Hacker News new | ask | show | jobs
by fabled_giraffe 3656 days ago
You'd be surprised how tenuous backup situations are at most companies and organizations. Even if your company is doing full disaster recovery checks 24/7, one after the other, a "well-placed" failure/mistakes or small series of failures/mistakes can lead to data loss.

Many of the things that cause data loss are just simple mistakes caused by a failure to review changes carefully, even when you have multiple levels of review- I would dare to say especially when you have high confidence that someone else is reviewing your changes.

"Manual" data changes, e.g. executing SQL statements or scripts that execute SQL that aren't a part of your application, in my experience are the most common cause of data loss.

After manual data changes the second most common in my experience is not understanding what you are doing. For example, you might take a chance on an upgrade that fails because you have to meet a deadline.

Changes to application code are next. Typically when making changes to an application, a little more thought may be put into it than a one-off data migration or change, but if you are under time pressure, don't know what you are doing, or are assuming someone else will catch your mistakes, you could easily screw everything.

Following this- mistakes that cause hardware or software failure. I worked at one large organization where storage arrays with various power backups were just "turned off" by a contractor that didn't understand the impact of what he or she was doing.

Finally, you might have configuration issues or the hardware might just fail.
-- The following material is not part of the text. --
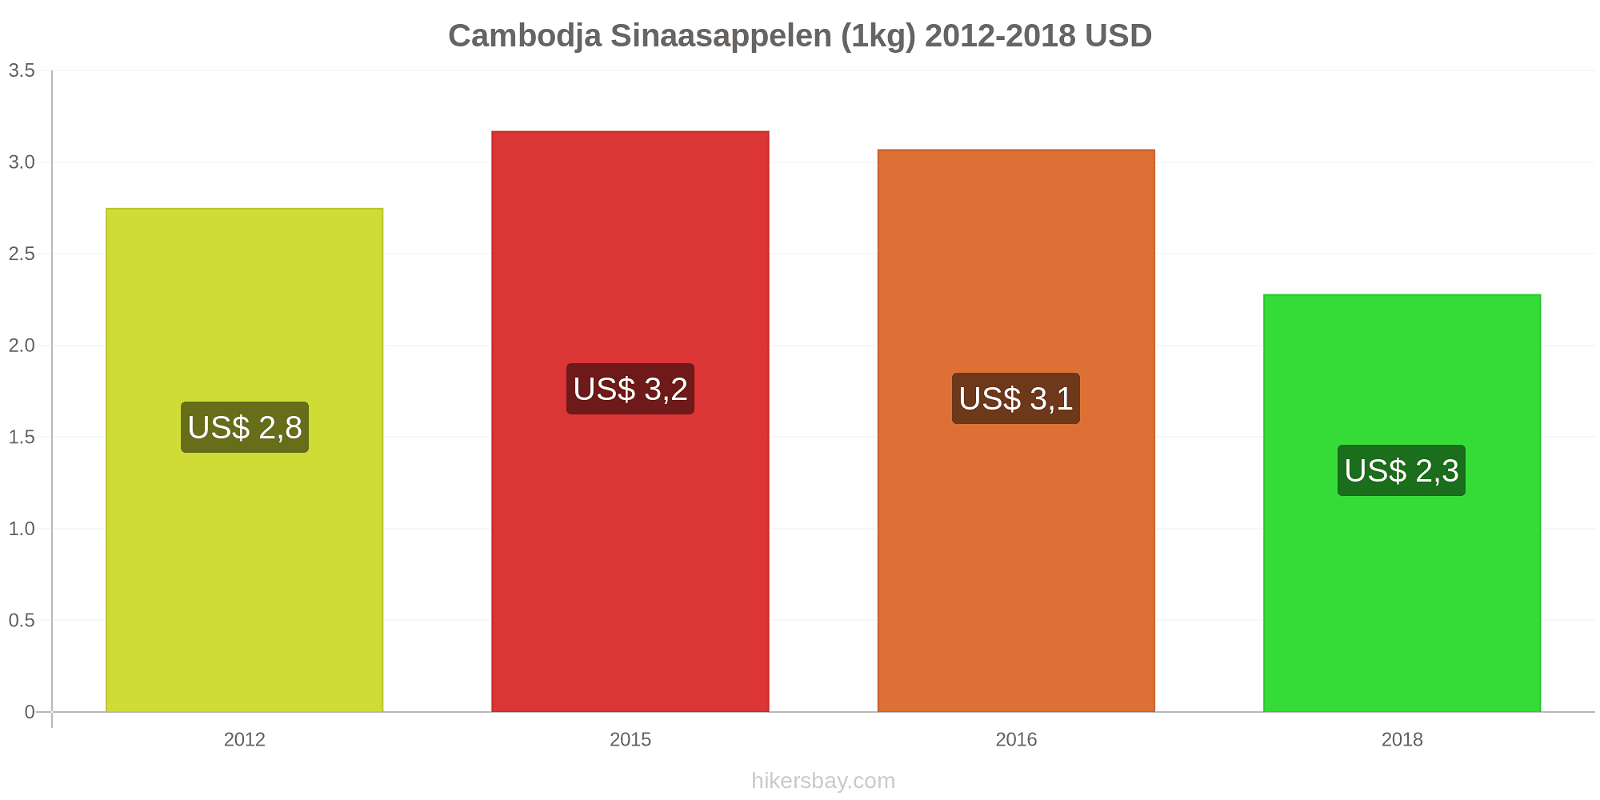 Cambodja prijswijzigingen Sinaasappels (1kg) hikersbay.com

Really, there is no substitute for having your data backed up frequently, and in a way you know how to easily restore and have tested, by building another machine from the ground up to replace it and documenting and practicing that well. Very few do this frequently. And even if you do- what if all of your hardware were destroyed? Can you easily go out and buy something off the shelf with instructions you have in your head or stored safely around the world and rebuild everything?

2 comments

Please note the severity of this. It's not "We had a crash and lost a weeks worth of data" - yeah, that happens. And it's totally acceptable if you're unable to restore it, for any of the reasons you mention.

This is "We had a crash and lost over a decade's worth of data" - yeah, that shouldn't happen. Ever. If you don't have a working backup from sometime in the past 13 years, -you are doing something wrong-. That's not a small series of failures or mistakes. That's either staggering levels of incompetence, or maliciousness.

This is exactly right. A misconfigured backup script, or a pessimal chain of crashes, or a lot of other things could lose recent data. I wouldn't be shocked by data loss.

This is decade of data. It should have been on in cold storage, on tested media, in multiple locations. No single error, or small chain of errors, should have enabled this to happen.

We are not talking about "most companies". We are talking of the air force, an organisation that is built to be resilient and handle crisis. Backups, fallbacks, redundancy, checks, reviews, access management and risk evaluation are BAKED IN their culture and mission.

And we are not talking about "any data". This was cleary very sensitive data they new they needed to protect.

Either the Air Force is failling at being the very thing it's been created to be (which I doubt) or something is fishy (ocaml razor).